INFORMATION PROVIDED:
"""
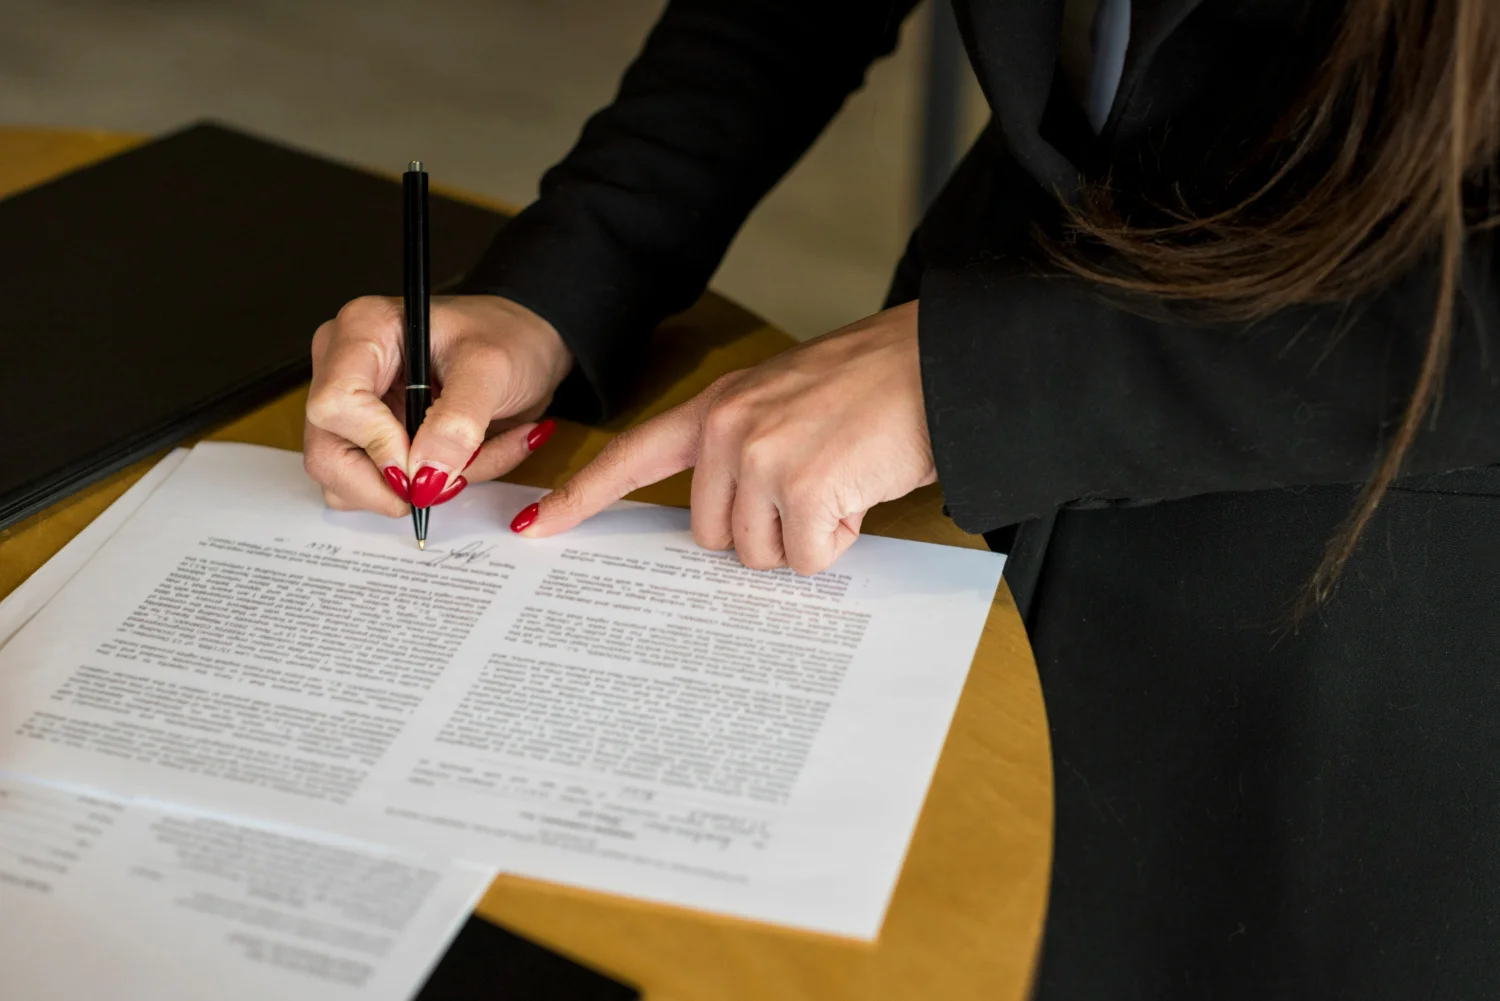 Traduzir documento de testamento: como funciona e onde fazer
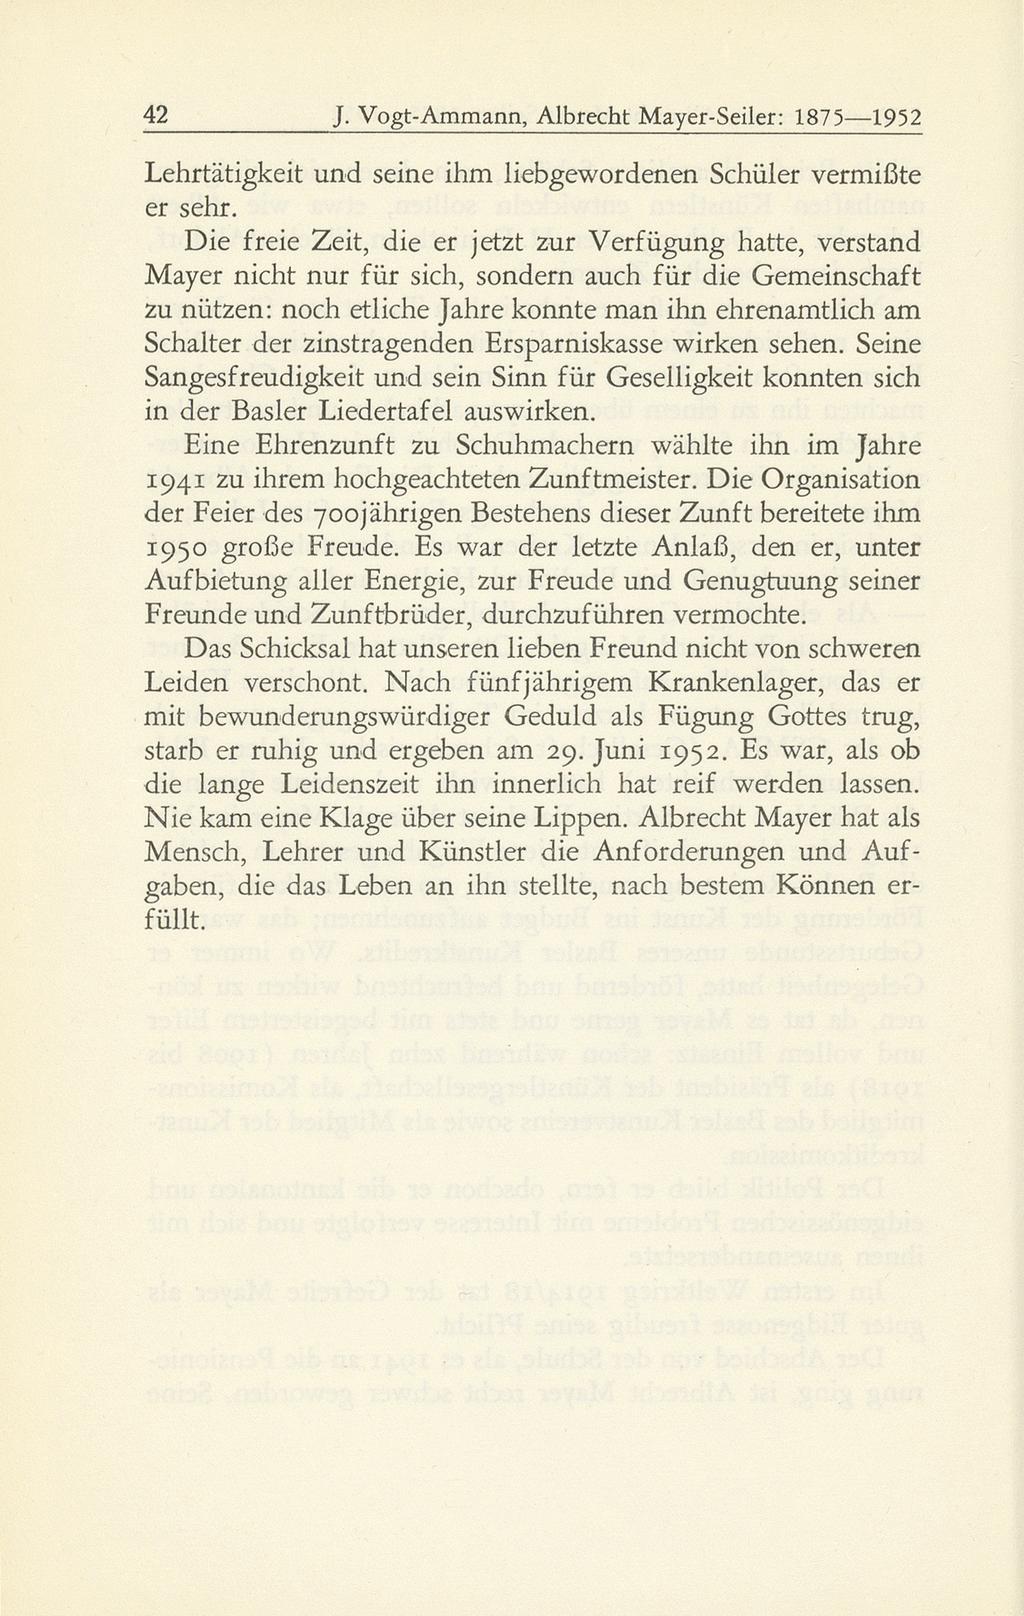 42 J. Vogt-Ammann, Albrecht Mayer-Seiler: 1875 1952 Lehrtätigkeit und seine ihm liebgewordenen Schüler vermißte er sehr.
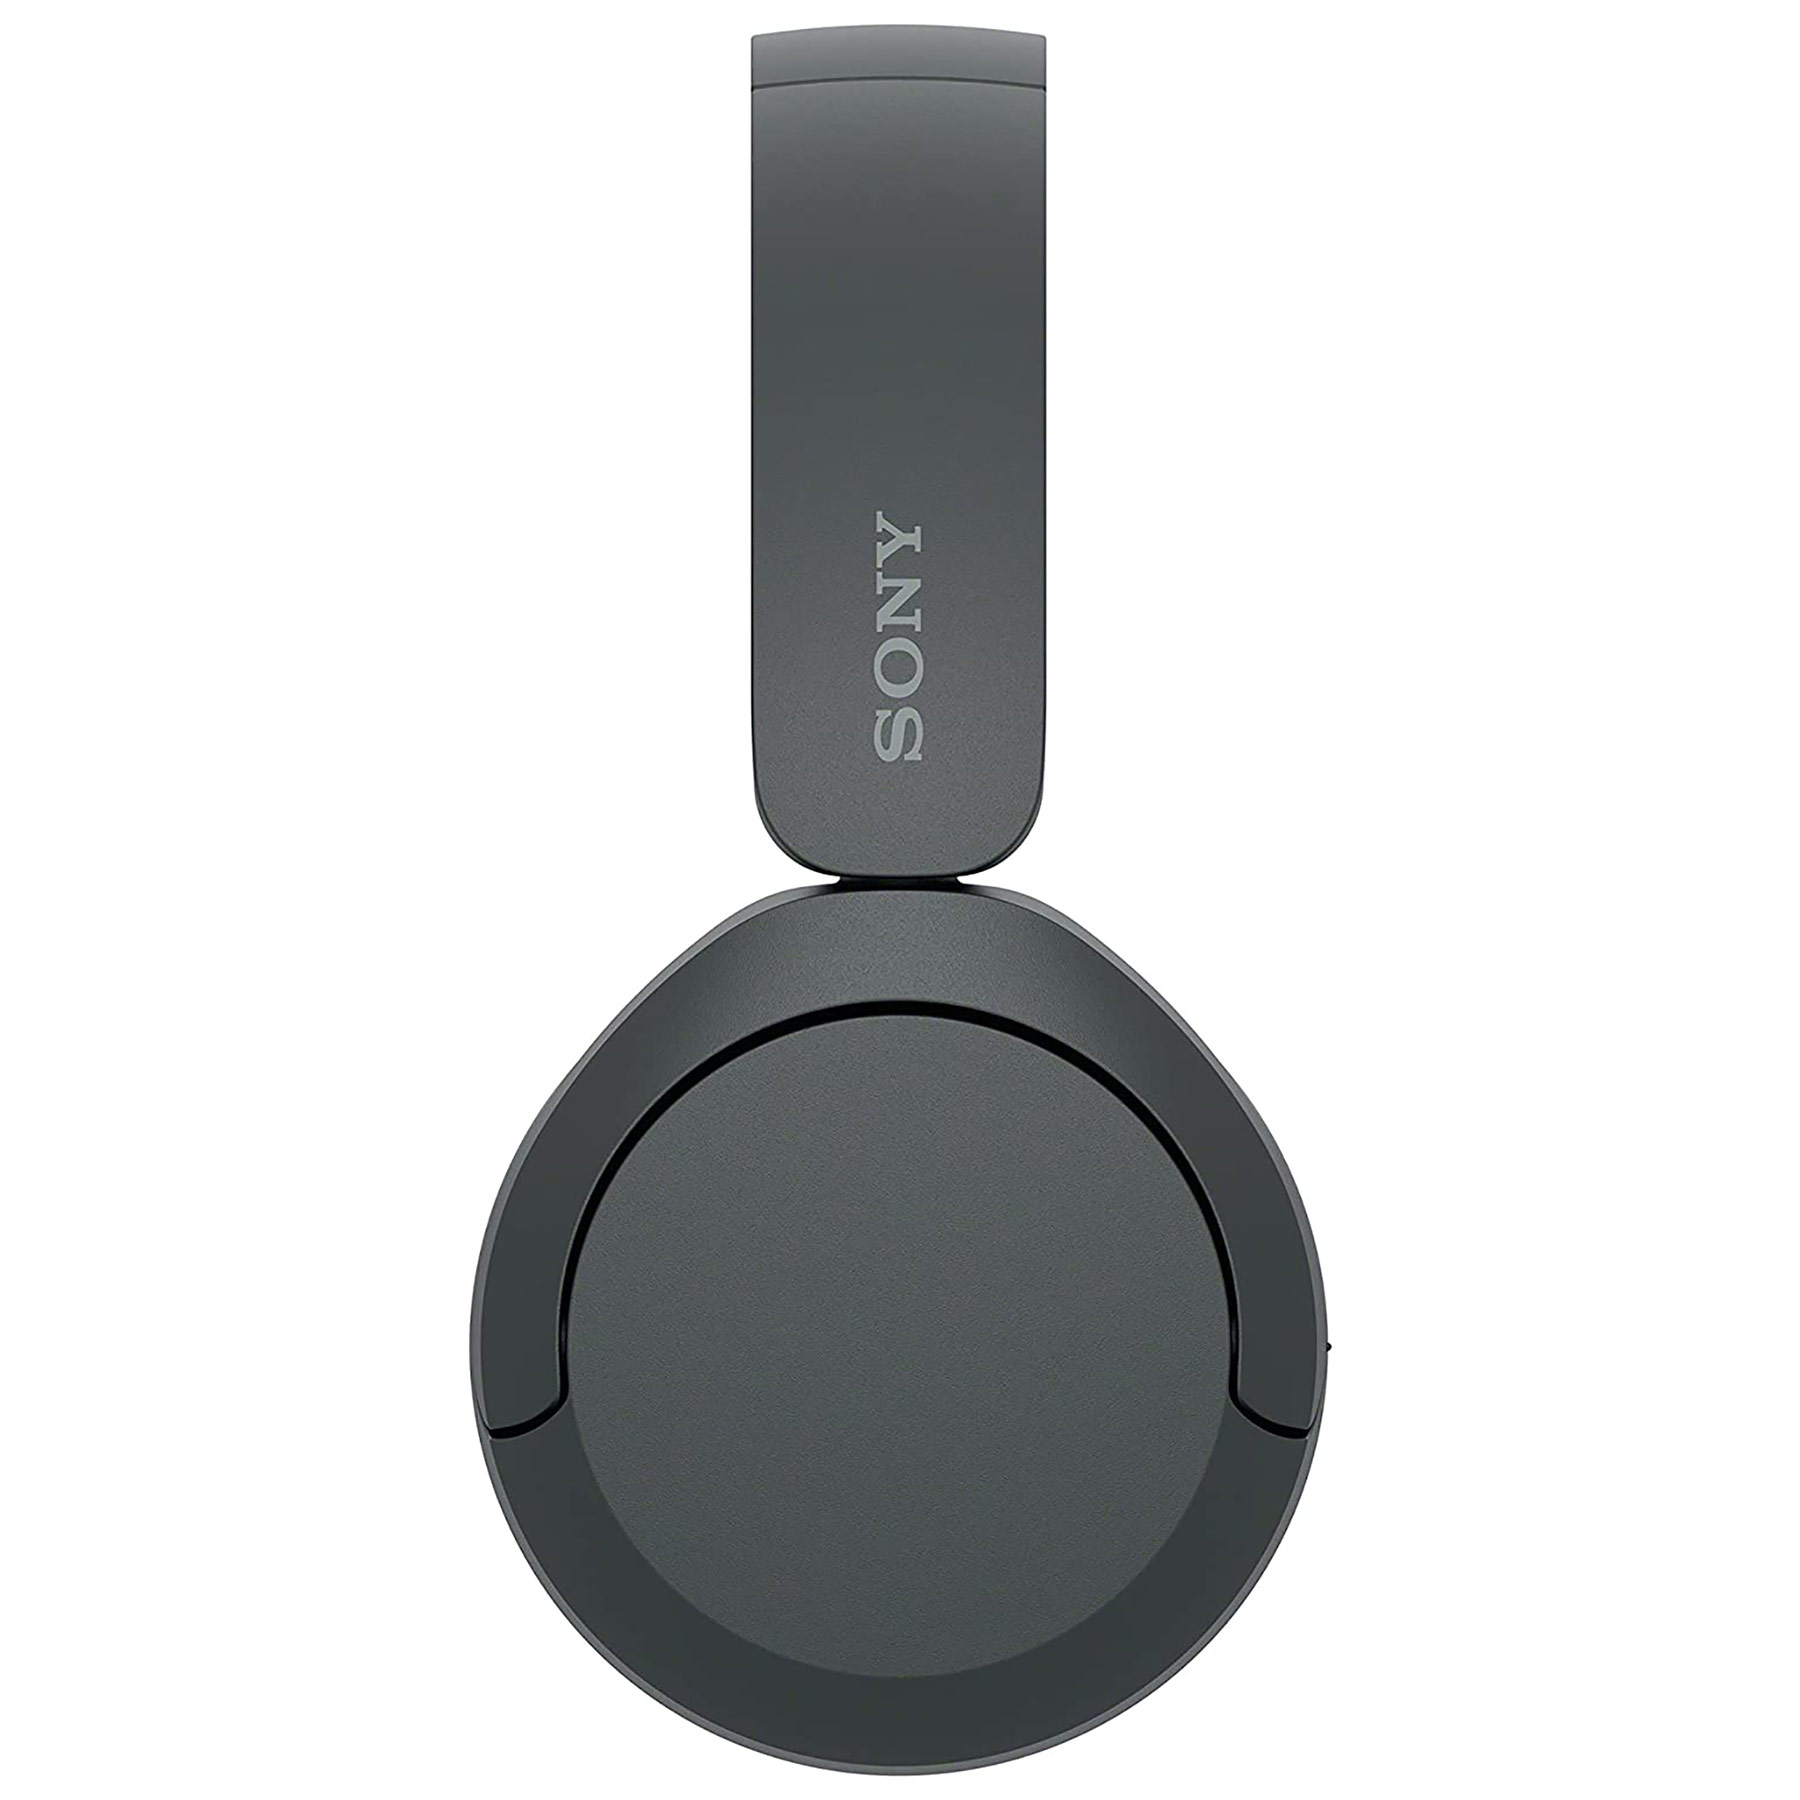 Sony WH CH520B On Ear Wireless Bluetooth Headphones in Black
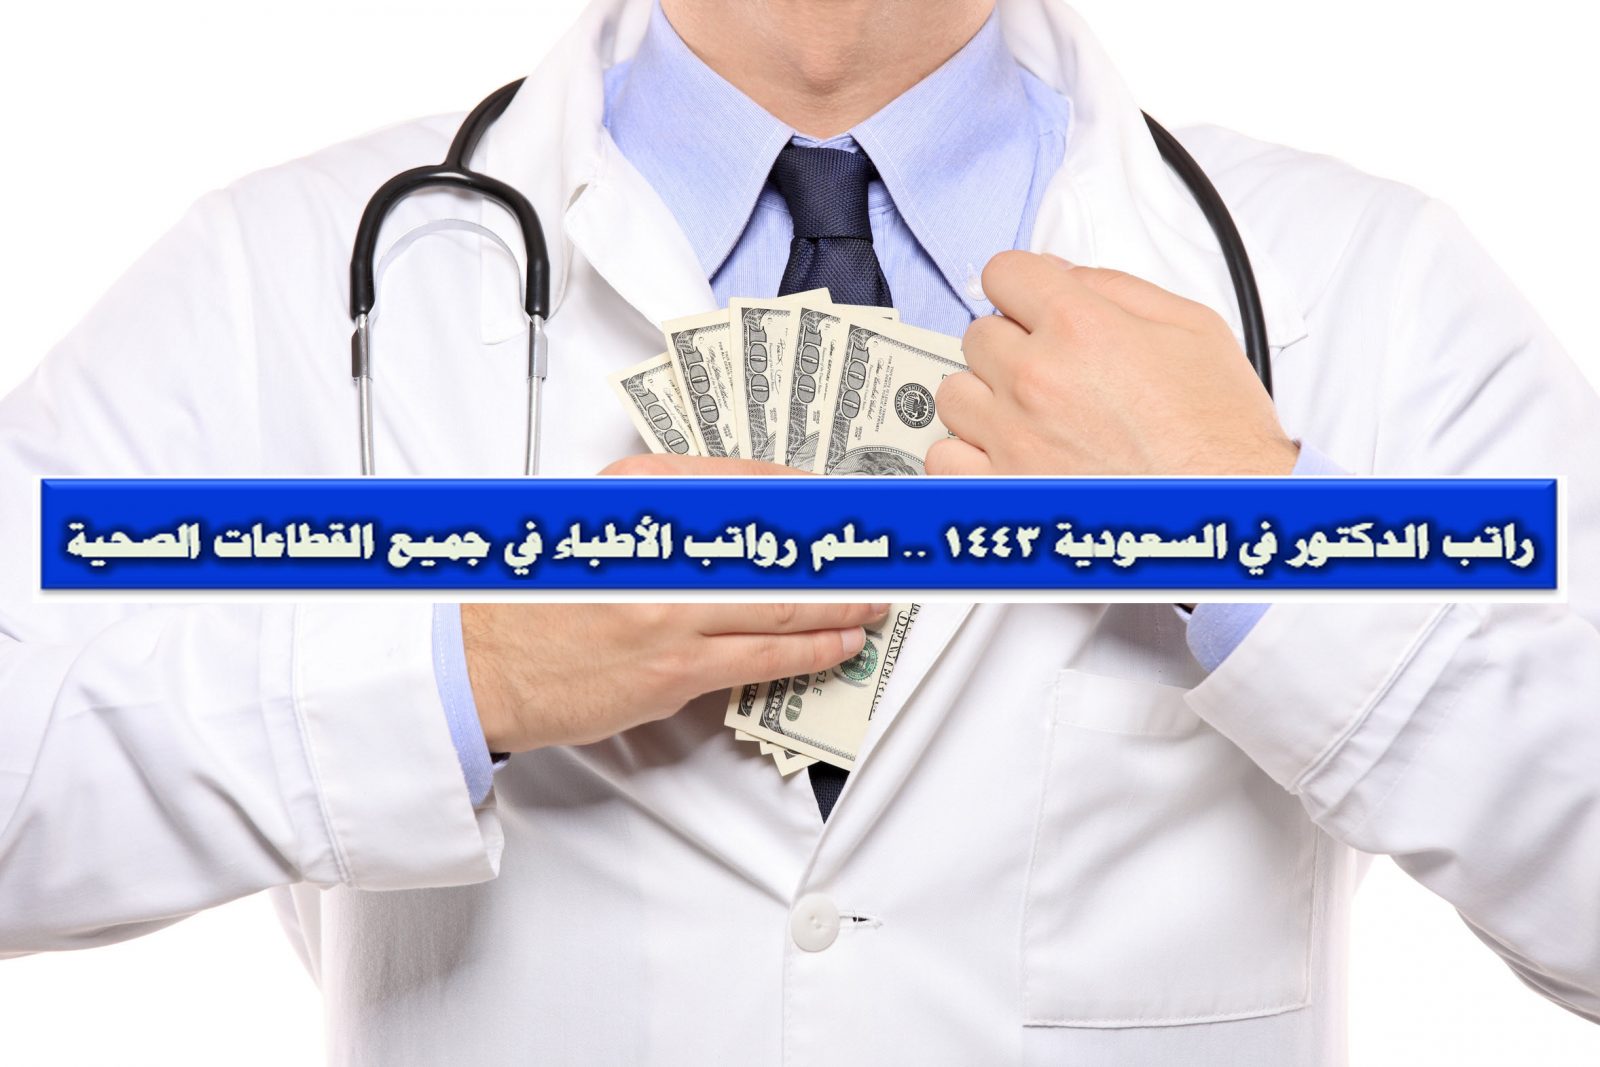 سلم رواتب الاطباء في السعودية
"""
EXERCISE DETAILS: A word-for-word repetition of the data above, without pictures, is the expected answer.

RESULT BELOW:
 Traduzir documento de testamento: como funciona e onde fazer
 42 J. Vogt-Ammann, Albrecht Mayer-Seiler: 1875 1952 Lehrtätigkeit und seine ihm liebgewordenen Schüler vermißte er sehr.
 Sony WH CH520B On Ear Wireless Bluetooth Headphones in Black
 سلم رواتب الاطباء في السعودية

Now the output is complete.